Meta just launched its own Sora before OpenAI – Meta Movie Gen


Meta Movie Gen has everything that Sora has, including the ability to create long HD videos with different aspect ratios and support for 1080p, 16 seconds, and 16 frames per second.
It also does what Sora doesn’t, generating accompanying background music and sound effects, editing videos based on text commands, and generating personalised videos based on images uploaded by the user.

Lets see what can meta do :

 The camera is behind a man. The man is shirtless, wearing a green cloth around his waist. He is barefoot. With a fiery object in each hand, he creates wide circular motions. A calm sea is in the background. The atmosphere is mesmerizing, with the fire dance.

A fluffy koala bear with grey and white fur and a round nose is surfing on a yellow surfboard. The koala is holding onto the surfboard with its paws and has a focused facial expression as it rides the waves. The sun is shining.
A red-faced monkey with white fur is enjoying a soak in a natural hot spring. The playful monkey is entertaining itself with a miniature wooden sailboat, complete with a white sail and a small rudder. The hot spring is nestled amidst lush greenery, surrounded by rocks and trees.

Simply put “put the light on the bubbles in the sky” can create beautiful visual effects, and at the same time perfectly show the objects in the scene, and at the same time can beautifully reflect the sky, looking more expressive.

Thunder cracks loudly, accompanied by an orchestral music track.

The character consistency is very strong.

You can edit videos directly, just by typing in text.

Create sound effects and soundtracks Just input text

Use video and text input to generate audio for your video. Movie Gen lets you create and extend sound effects, background music, or entire soundtracks.


Meta says it’s the most advanced Media Foundation Models to date’.
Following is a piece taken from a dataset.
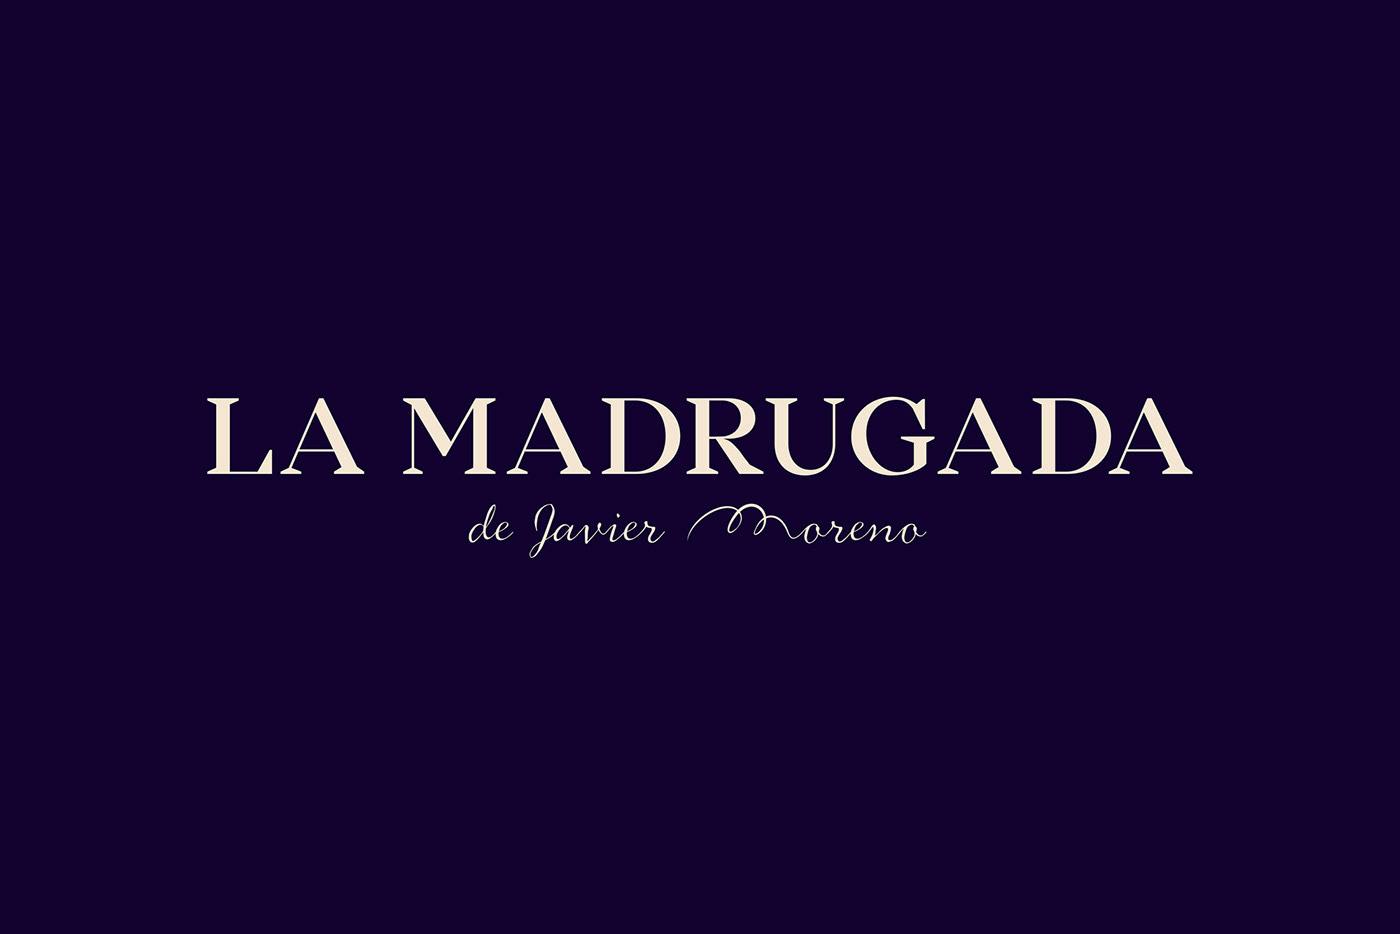 LA MADRUGADA branding by Rubio & del Amo

Some say it’s hard to imagine what long and short videos will look like in a few years as a large number of creators learn to use AI video editing tools.
This time, unlike Sora, which only has a demo and an official blog, Meta has made the architecture and training details public in a 92-page paper.

https://arxiv.org/pdf/2410.02746


But the model itself is not yet open source, and was met with hug-faced engineers sticking their faces in the air and dropping a link to Meta’s open source homepage directly in the comments section:
Here waiting for you now.


In its paper, Meta specifically emphasises that scaling of data size, model size, and training arithmetic is critical for training large-scale media generation models. By systematically improving these dimensions, it is possible to make such a powerful media generation system.
One of the most concerned points is that this time they completely threw away the diffusion model and diffusion loss function, using Transformer as the backbone network and Flow Matching as the training target.
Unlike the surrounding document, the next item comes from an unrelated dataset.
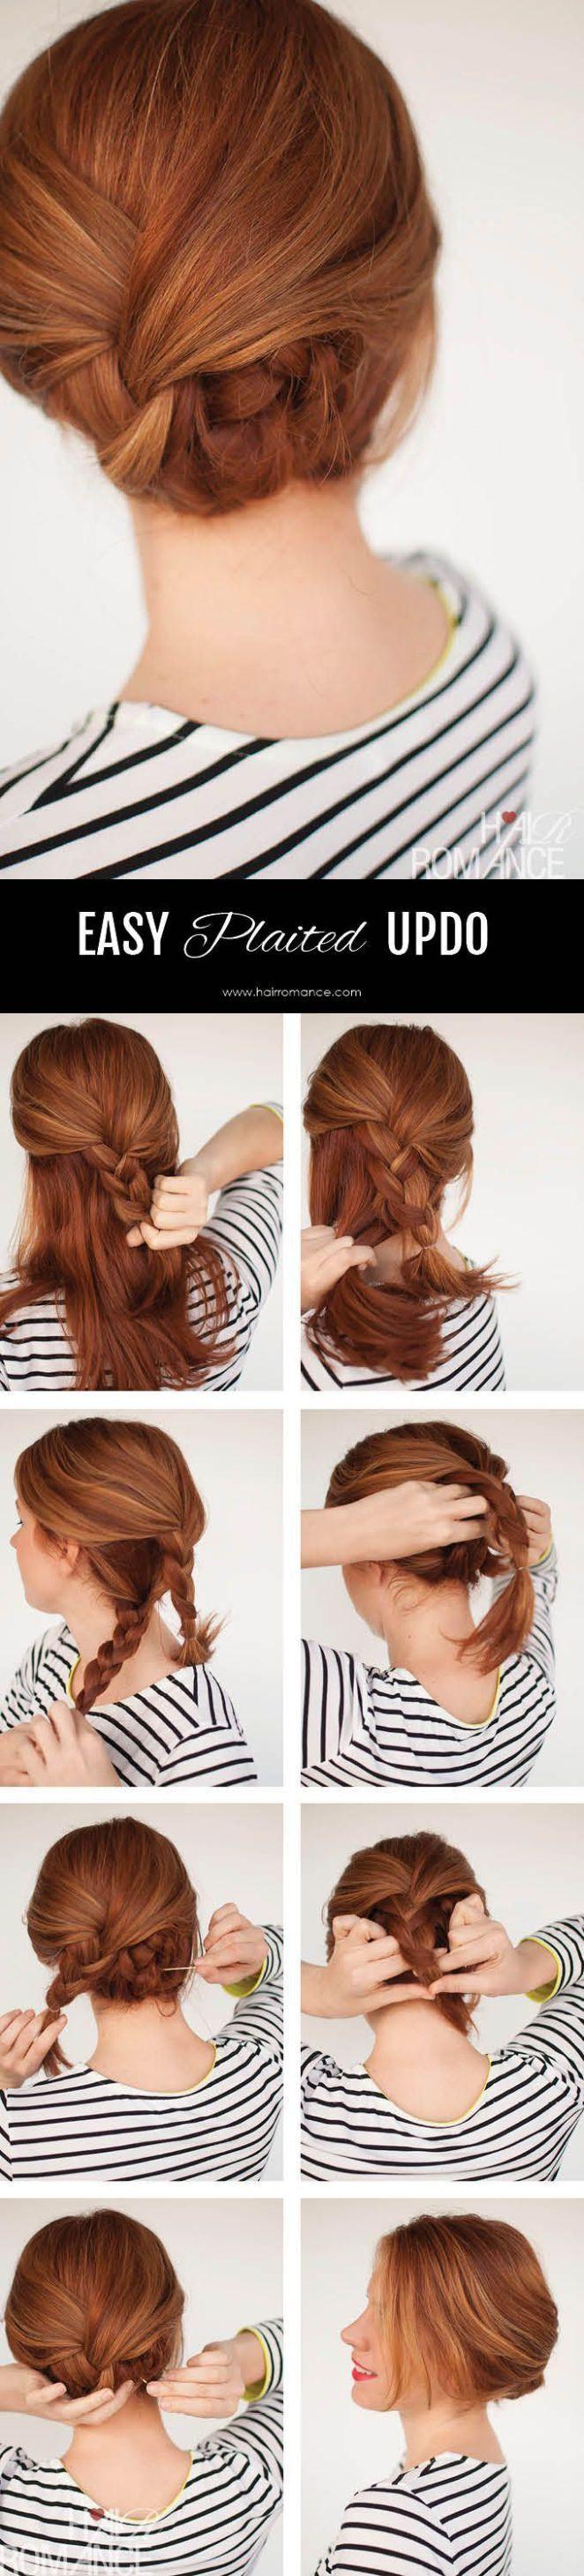 Best 25 Easy braided updo ideas on Pinterest

The AI video generation space has been buzzing with activity over the past couple of days.


Shortly before Meta released Movie Gen, Tim Brooks, one of the creators of OpenAI Sora, jumped to Google DeepMind to continue his work on video generation and world simulators.
This got a lot of people thinking, just like when Google was slow to release the Big Model app and the Transformer 8 authors left in droves.
Now OpenAI is late in releasing Sora, and the main authors have also run away.
But others believe that Tim Brooks’ choice to leave now may indicate that his main work at OpenAI is done, and has led to speculation:
Did Meta’s launch force OpenAI to release Sora in response?
(As of this writing, Sora’s other creator, Bill Peebles, has yet to speak out.)
Now Meta has released models with video editing capabilities, plus the October 1 Pika 1.5 update, which focuses on adding physics effects like melting, expanding, and squeezing to objects in videos.
It’s not hard to see that the second half of AI video generation is going to start rolling towards AI video editing.